The MAN Chairman, South-East Kaduna, Kabiru Kassim, noted that power supply was extremely poor last year. He expressed optimism that this year would be better as the group has reached an agreement with Kaduna Electricity Distribution Company (KEDCO).
“Towards the end of 2025, supply picked up, and we hope it gets better this year. Our issues with KEDCO have been resolved, and we have reached an understanding with the distribution company. We asked for better consideration for manufacturers and industrial layouts to improve our production capacity, and they have promised to deliver, so we remain hopeful,” he said.
Speaking on the plans to divest to IPPs, he said there are not enough plants to produce the level of energy manufacturers need, but that many companies have started developing mini-grids. “However, one can only generate within one’s facility capacity currently. If my generating capacity, for instance, is 5MW and I have an excess of 2MW, I can only sell after I have gotten a licence from NERC. This is a bit cumbersome, but it is still better than how it was in the past when we couldn’t sell or transmit to others,” he said.
Pointing out that the energy bill is still on the high side, he said it ranges between N11 million and N20 million for most of the companies under his jurisdiction. “We were placed under Band A and while the light situation has improved a bit this year, the bill is still on the high side. This can be quite discouraging, especially as production and operating costs continue to skyrocket,” he said.
Reacting, Chief Executive Officer (CEO), Kazih Kits, Dr Chinedu Otakpor-Azih, said their power supply has gone from bad to worse. Noting that their own situation is even more peculiar in the Iju/Ishaga area where her factory is located, she said robbers carted away the transformer’s wires in November last year.
“When we reported the matter to the DisCo in charge of the area, they said if we wait for them to replace it, it will be at the end of Q1, in March. We were told that if we want power, we should raise money and buy it back ourselves. This is so unfair, why are we the ones saddled with the responsibility of buying wires and cables and building gates to protect them from being stolen again? Even after we bought the wires and made the necessary payments, the light situation deteriorated completely. In fact, I don’t think we are under any Band in this area, that is how bad the light situation is. We have been relying on diesel to produce, this is unsustainable.

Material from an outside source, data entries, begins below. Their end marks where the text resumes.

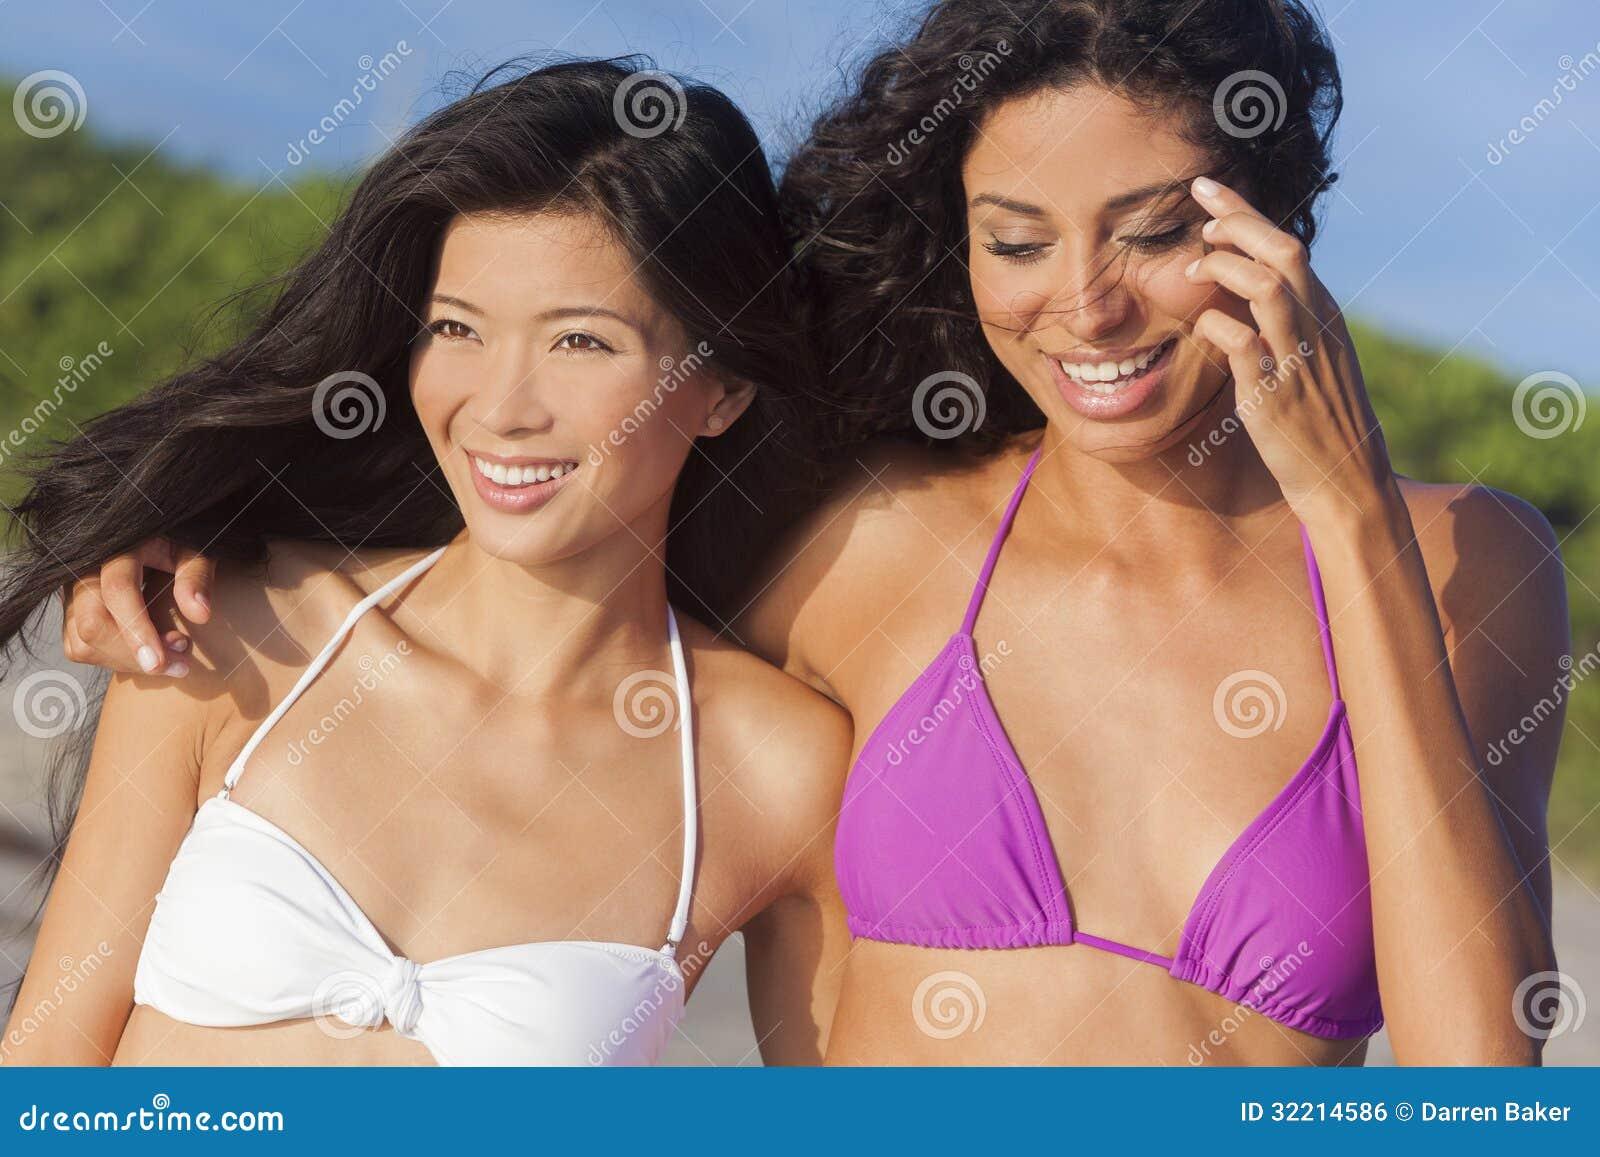 海滩亚洲人&拉美裔的美丽的比基尼泳装妇女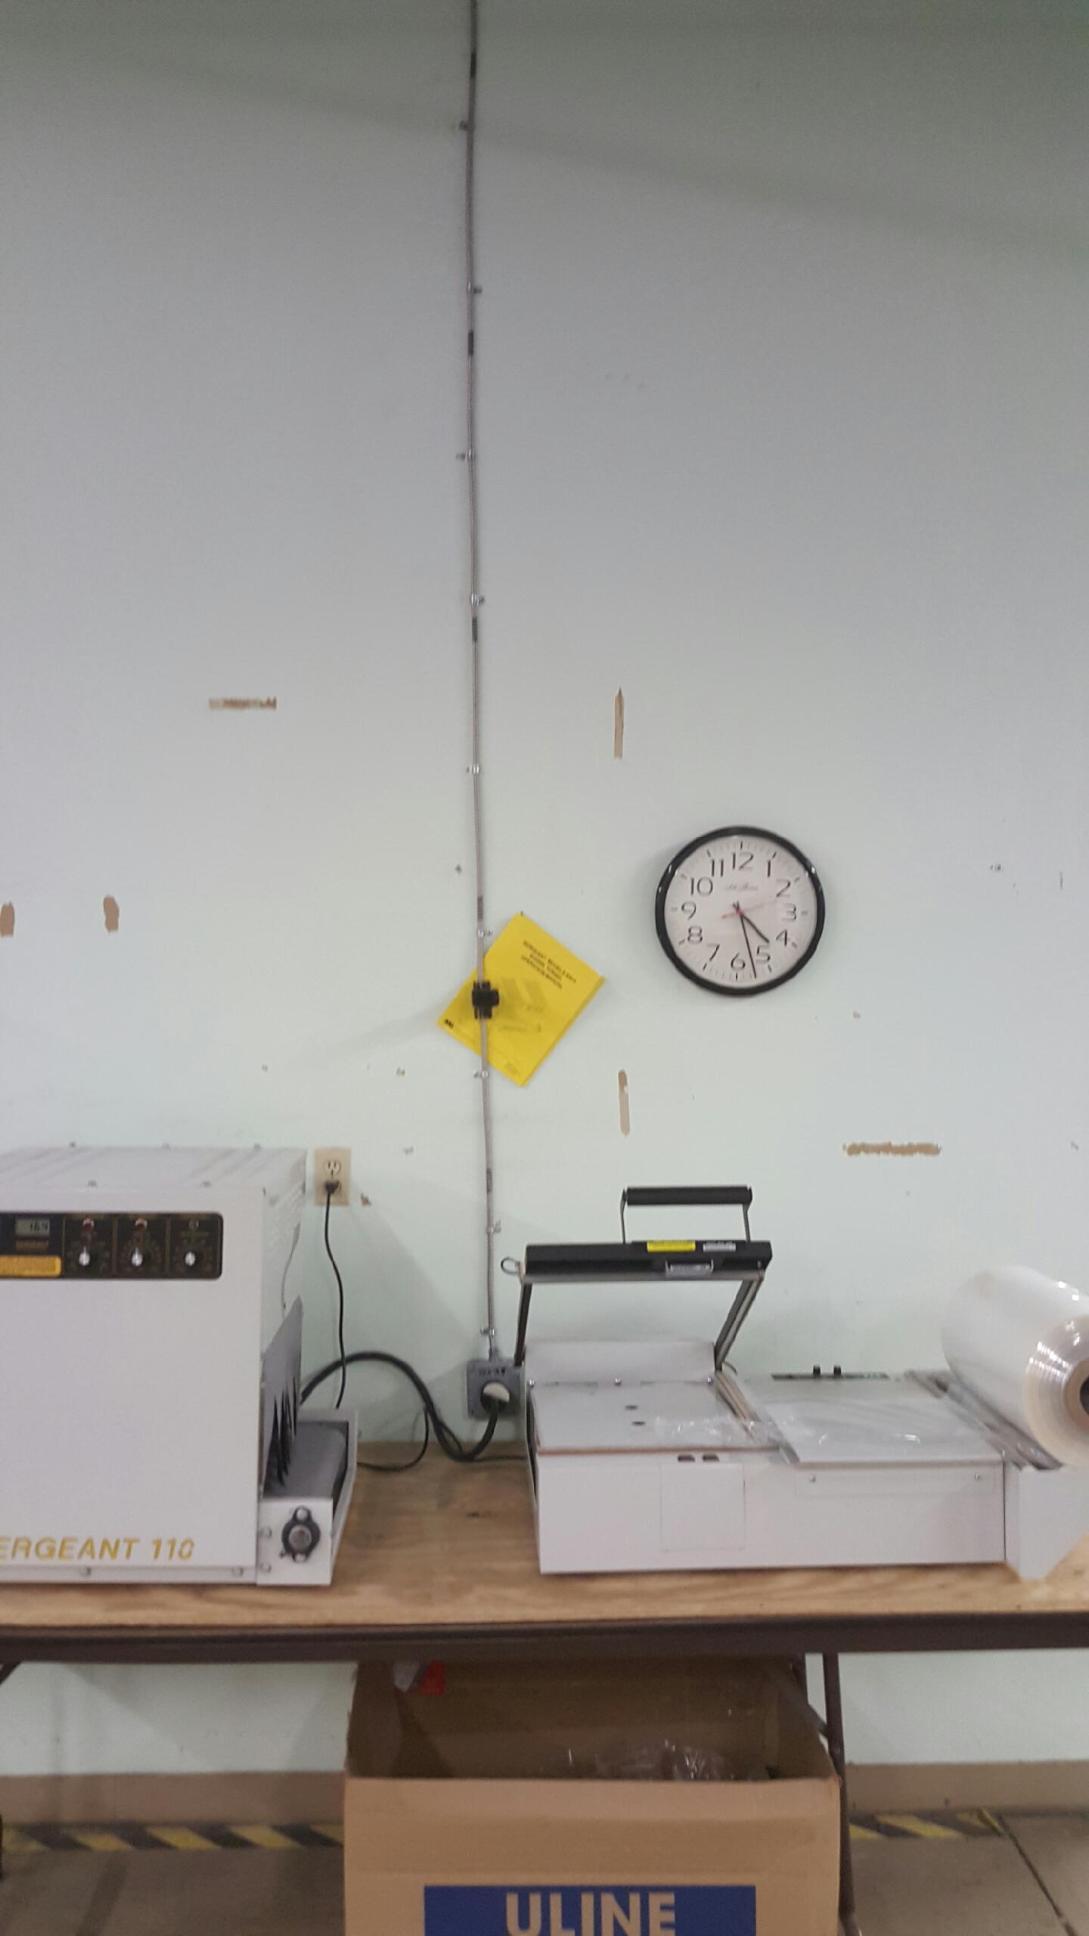 electricalequipmentinstallation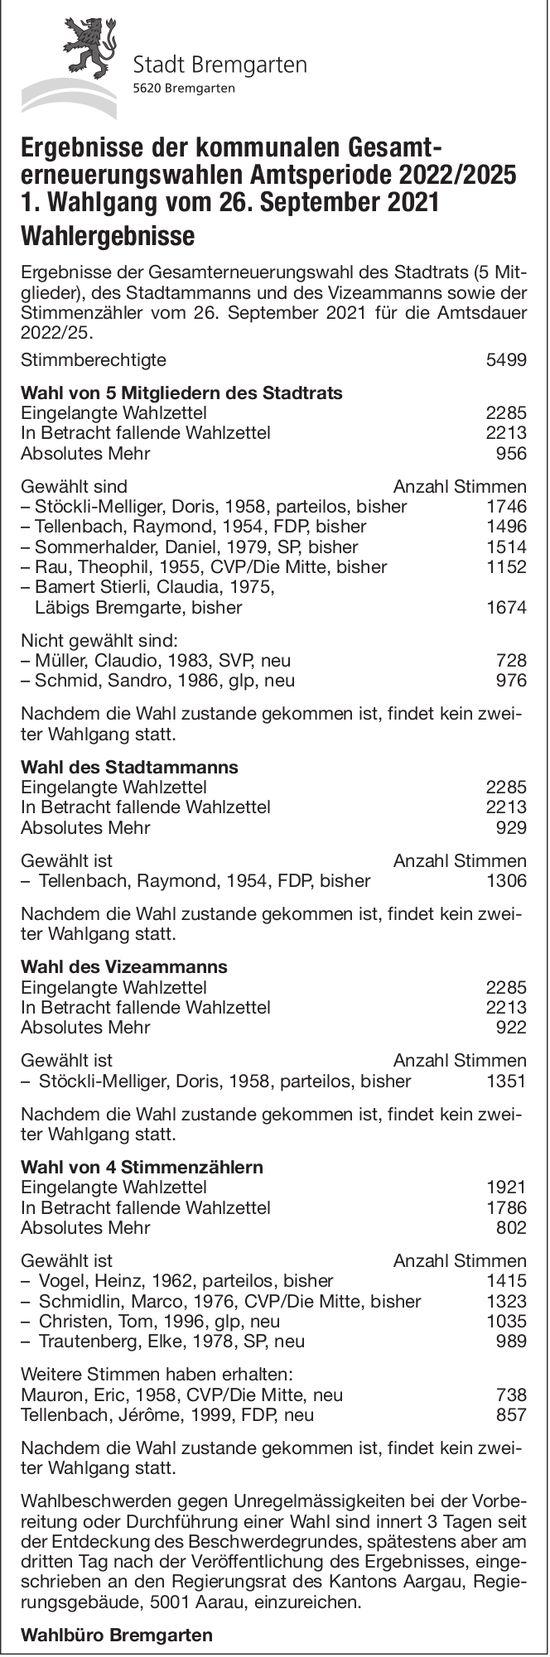 Stadt Bremgarten - Ergebnisse der kommunalen Gesamter neuerungswahlen, 1. Wahlgang, Wahlergebnisse

“In addition to all these hardships, our taxes have increased. What do businesses get in return for all we do and endure? We spend hundreds of thousands on diesel monthly and have completely stopped night production to manage our diesel costs. Even during the day, we stop production at exactly 5pm and turn off the generators. Despite the poor supply, the electricity bills come in like clockwork.
“In the past, we delivered to customers in about a week or 10 days; but now, because of the power situation and the fact that we are rationing diesel, delivery time has gone up to three weeks.”
She noted that they have the capacity and manpower to run 24-hour production but the poor light situation continues to hamper them. “Now compare with our counterparts from other countries that have affordable power, no diesel expense and are able to run 24-hour shifts. How does the government want us to compete, sell at a reasonable price, make profit and still remain in business?” she queried.